In this paper we make a first attempt at addressing the methodological problems encountered in speech physiology research. First of all, we used a subject who had no previous training as a phonetician, linguist or singer. Secondly, he was asked to repeat a 'spontaneously' produced, fairly complex sentence 29 times. Finally, we have analyzed the relations between physiological and speech parameters on different levels, using formal statistical techniques.

Physiological signals that are related to the speech production system invariably contain some random activity. Especially electromyographic (EMG) signals are always very noisy, but other signals like subglottal pressure (Psb), supraglottal pressure (Psp), and lung volume (Vl) are usually also far from clean. To extract meaningful relations between the various physiological processes it is necessary to improve the signal-to-noise ratio of these signals.

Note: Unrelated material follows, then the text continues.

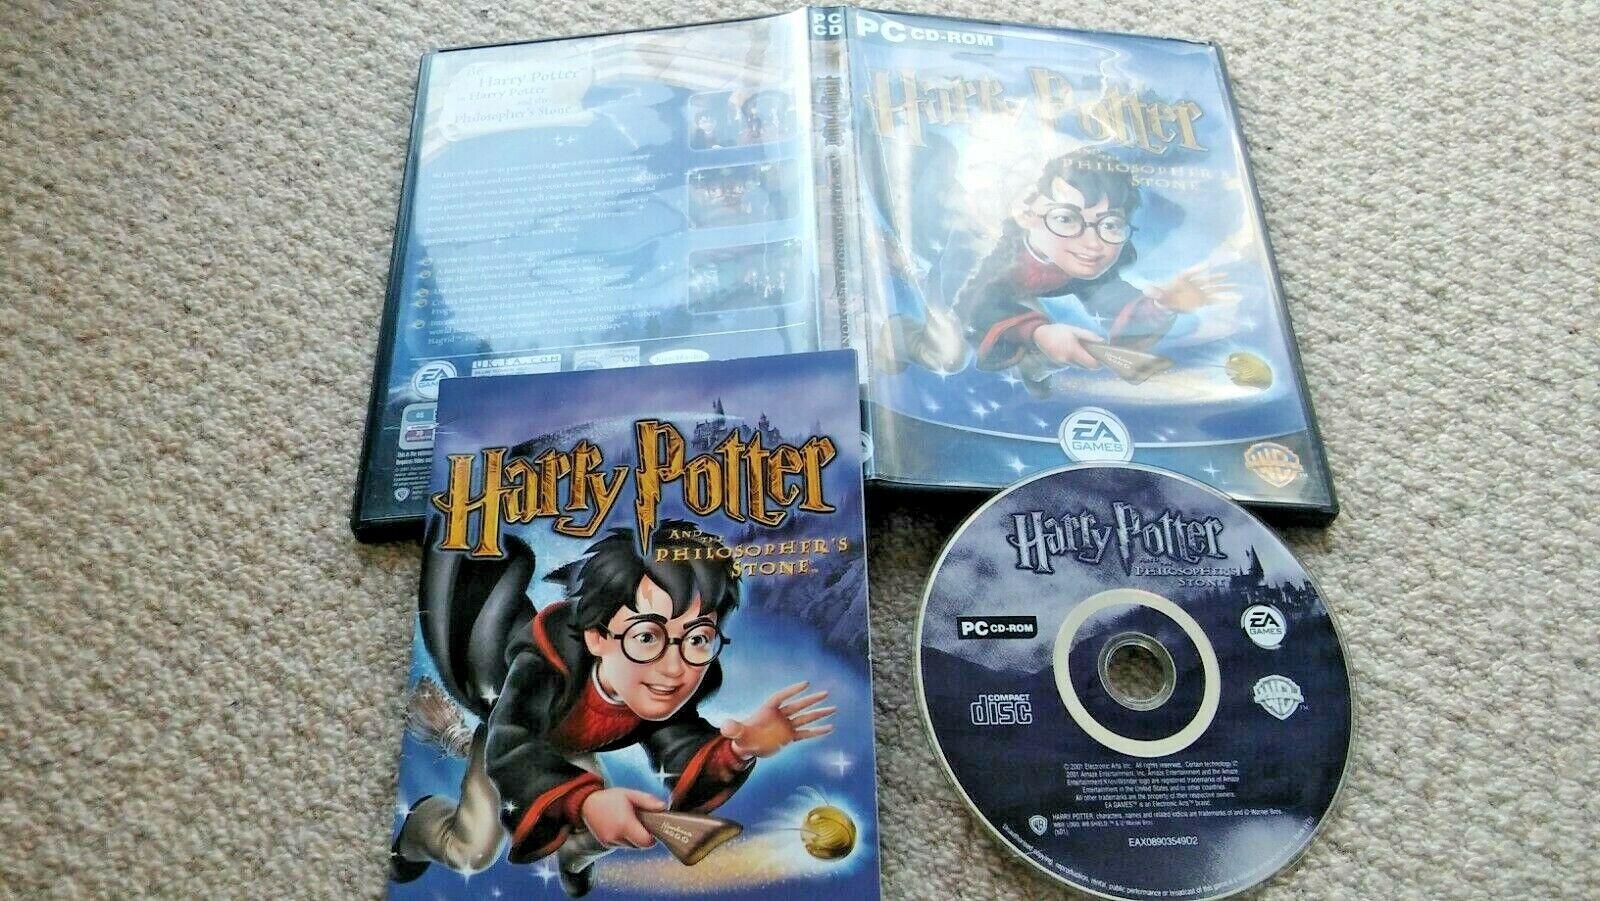 retro computer games - HARRY POTTER & The Philosopher's Stone PC CD ROM Computer Game 2001 Retro

The usual procedure to highlight information in physiological signals is to time-align and average the signals derived from various repetitions of the 'same' utterance (Kewley-Port, 1973). For meaningful averaging of physiological signals related to speech, two requirements must be fulfilled. The first is that speech gestures must be reproduceable, for it is the causal relation between a physiological process and a speech gesture that one wants to reveal. The second requirement is that the inter-token variation in the temporal structure of the repetitions must be small. Note that these are really different requirements. Two tokens can be produced with essentially equivalent articulatory gestures, while the speech rate is still very different. On the other hand, similar overall articulation rates in two tokens do not guarantee that they were produced with similar articulatory gestures.

Trained speakers often succeed in repeating the same utterance with essentially equivalent articulatory gestures and with approximately the same duration, especially if the utterances are not too long and too complex. But repetitions of a fairly long sentence (duration &pm.4 s) produced by a person who had experience in acting as a subject in phonetic experiments, time-aligned with a line-up point in the middle of the sentence, show deviations of as much as 150 ms towards both ends (Strik and Boves, 1988). For the repetitions produced by the 'linguistically naive' subject of the present experiment the deviations were even considerably greater. With deviations of this magnitude straightforward averaging of tokens becomes questionable.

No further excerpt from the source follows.